###
Optimal-Time Text Indexing in BWT-runs Bounded Space

####
Travis Gagie, Gonzalo Navarro and Nicola Prezza

Indexing highly repetitive texts --- such as genomic databases, software
repositories and versioned text collections --- has become an important
problem
since the turn of the millennium. A relevant compressibility measure for
repetitive texts is *r*, the number of runs in their Burrows-Wheeler Transform
(BWT). One of the earliest indexes for repetitive collections, the Run-Length
FM-index, used *O(r)* space and was able to efficiently count the number of
occurrences of a pattern of length *m* in the text (in loglogarithmic time per
pattern symbol, with current techniques). However, it was unable to locate the
positions of those occurrences efficiently within a space bounded in terms of
*r*. Since then, a number of other indexes with space bounded by other
measures
of repetitiveness --- the number of phrases in the Lempel-Ziv parse, the size
of the smallest grammar generating the text, the size of the smallest
automaton
recognizing the text factors --- have been proposed for efficiently locating,
but not directly counting, the occurrences of a pattern.
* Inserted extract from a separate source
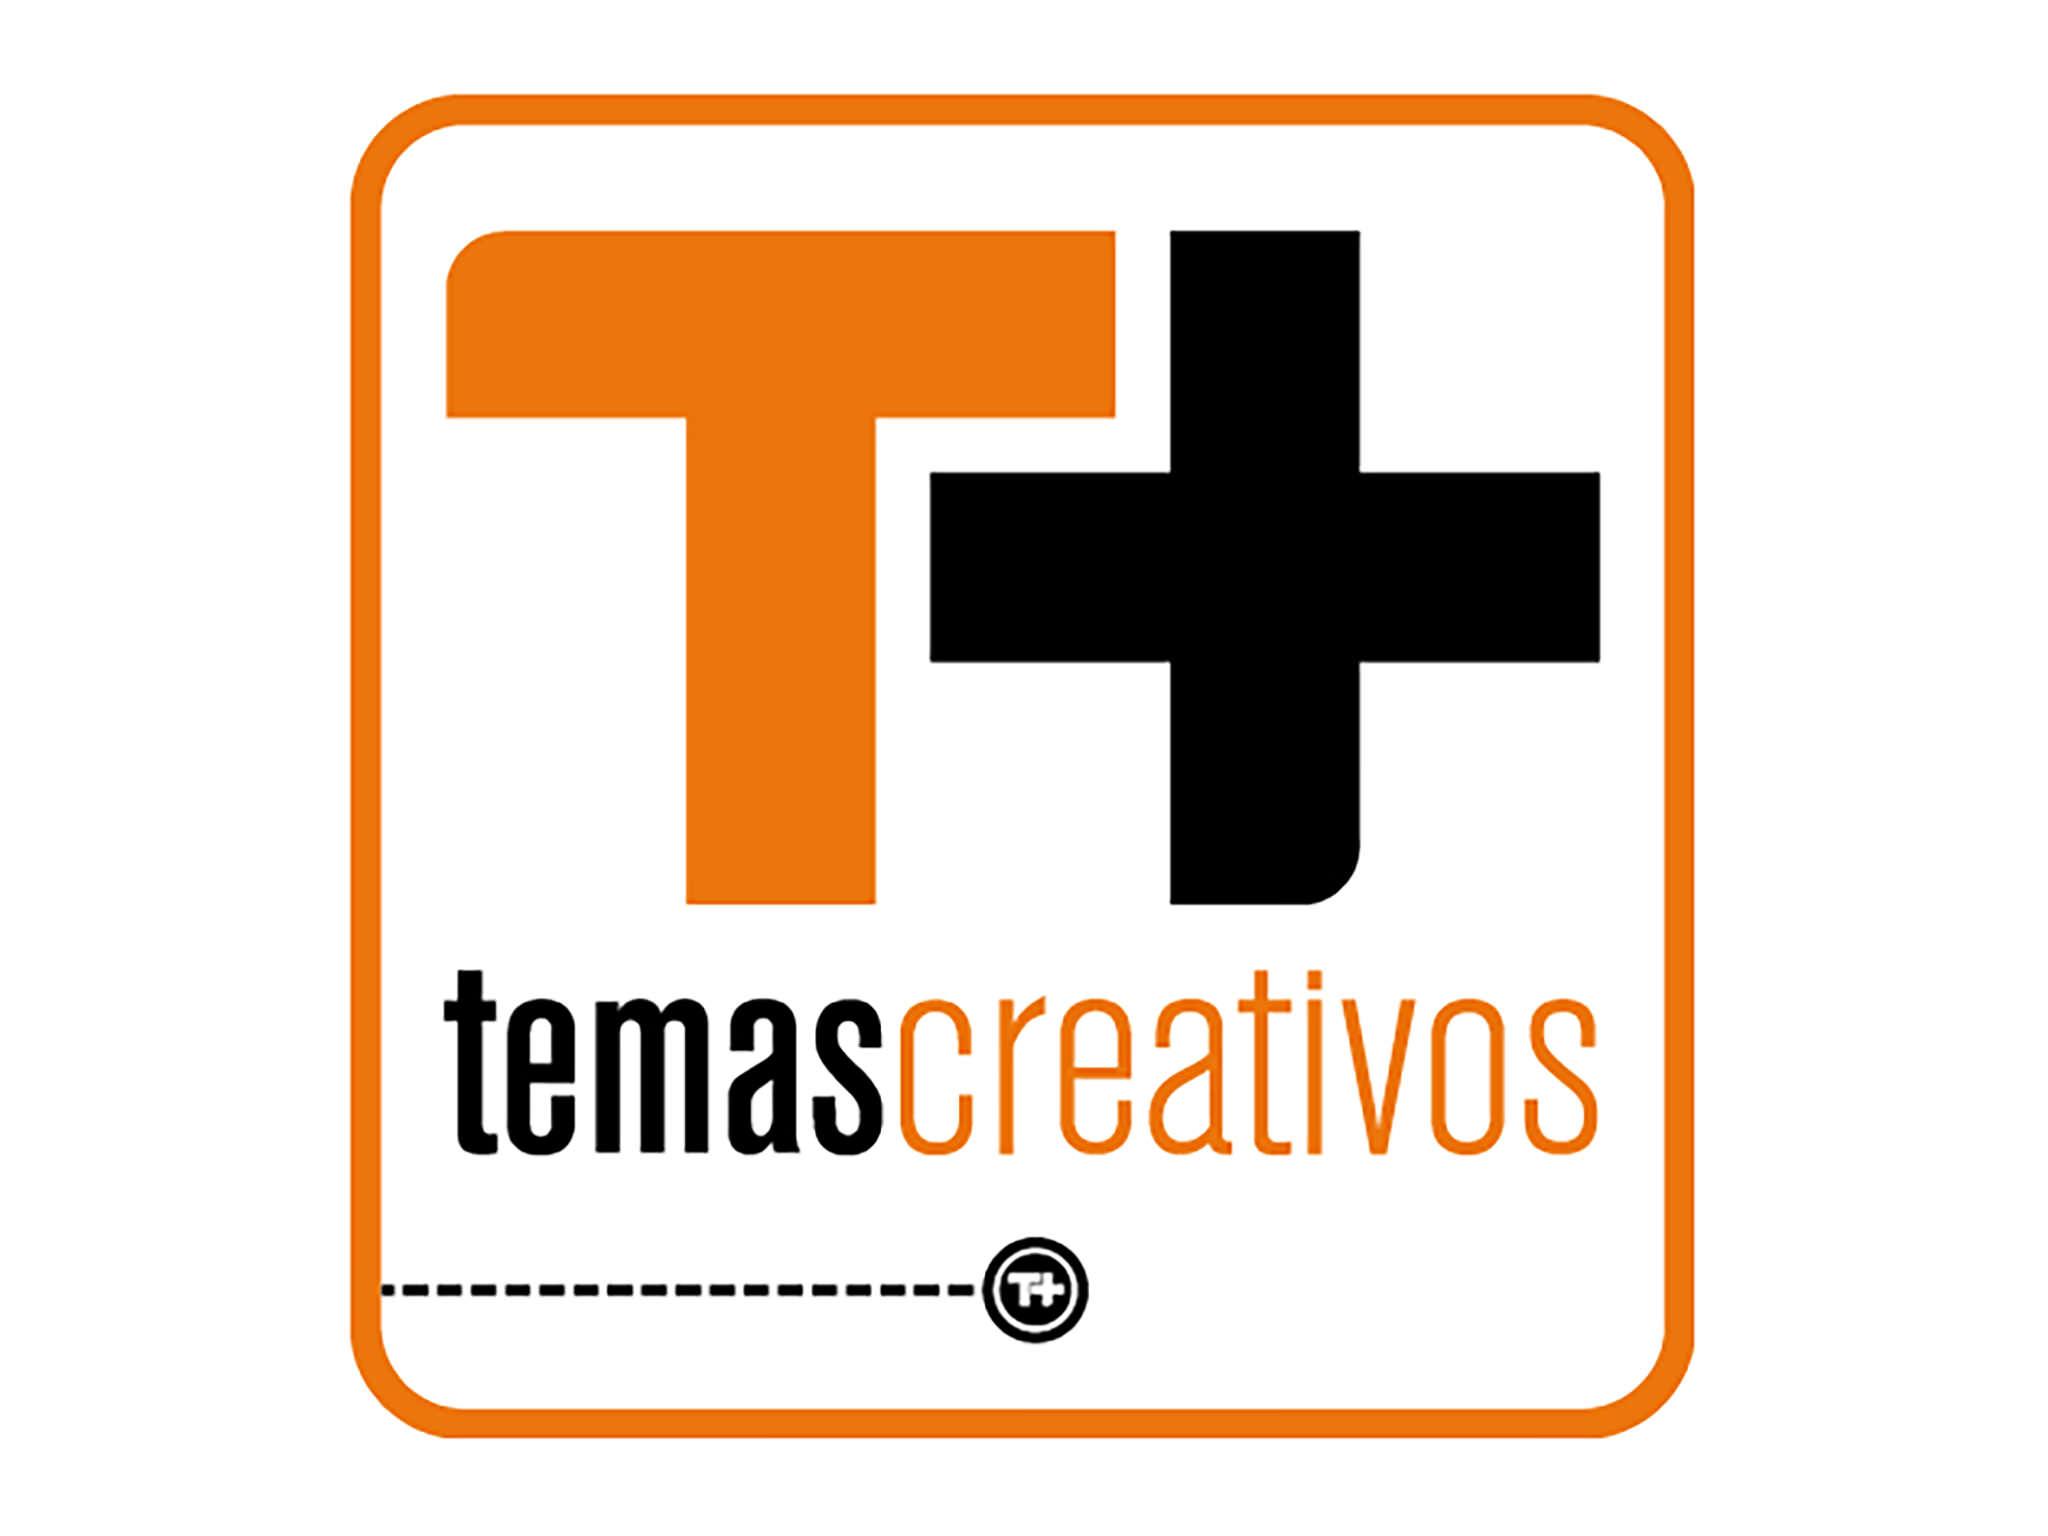 13_temas creativos

In this paper we
close
this long-standing problem, showing how to extend the Run-Length FM-index
so that it can locate the *occ* occurrences efficiently within
*O(r)* space
(in
loglogarithmic time each), and reaching optimal time *O(m+occ)* within
*O(r log (n/r))* space, on a RAM machine with words of *w = Omega(log
n)* bits.
Raising the space to *O(r w log_s(n/r))*,
we support locate in *O(m log(s)/w + occ)* time, which is optimal in the
packed setting and had not been obtained before in compressed space.
We also describe a structure using *O(r log (n/r))* space
that replaces the text and efficiently extracts any text substring, with an
*O(log (n/r))* additive time penalty over the optimum.
Preliminary experiments show that our new structure outperforms the
alternatives by orders of magnitude in the space/time tradeoff map.